This black and white sketch was drawn for us by Dev, a new friend in India. I love it. For Christians, it represents one of the most important events in history—the birth of the Christ child. But whether you are Christian or not the painting embodies the tender love of family—the sweet innocence and radiance of a newborn child; the pride and gentle affection of a mother; the strength and encircling protection of a father. Love is the magnet which magically draws them together.
Of course, such moments of tenderness, though precious, are somewhat rare, interrupted by the hurriedness of our lives, our confused priorities, even our ego-based insecurities and resentments. We look forward to the holidays and then overlook or even insulate our hearts from what is most important.

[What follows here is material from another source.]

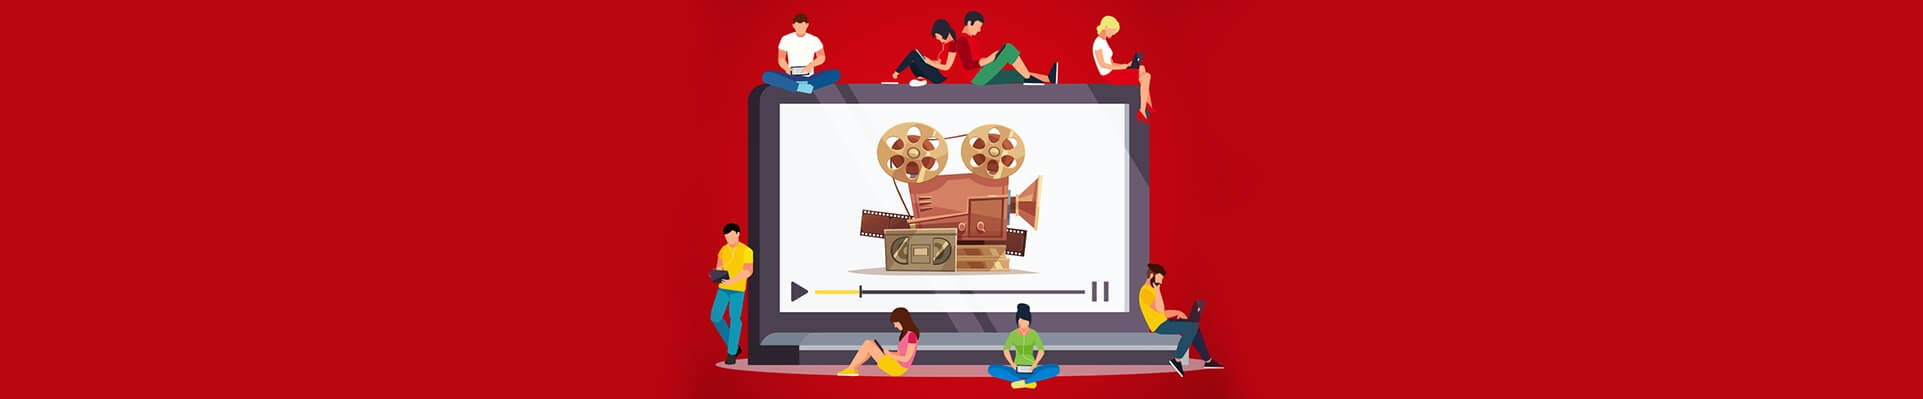 5 REASONS PEOPLE ARE SWITCHING FROM TV TO VOD

So how about if this holiday season we slow down, quiet our minds, soften our hearts, let go of a little pride (our tendency to judge and take offense, our desire to be right, our need to suffer or hold onto grudges) so we can be present with our loved ones in a way that allows the most natural and deepest yearning of our hearts to pull us into connection, unity, at-one-ment.
Perhaps we do this as we make our primary aim that of caring for another’s happiness or well-being. We choose to be wholly present with the person directly before us. We pause the monologue going on in our own heads. We look into their eyes. We hear what they are saying, not just the words but the feelings and meaning behind those words. We give up our need for them to be different. And we communicate, not so much by what we say but by the gift of our conscious presence, our respect, honor, and love.
Many call this season holy because of what happened millennia ago. Perhaps it is also holy because of what can happen in our hearts today.
I thank Dev for his beautiful gift, for his reminder of what is most important this Christmas season.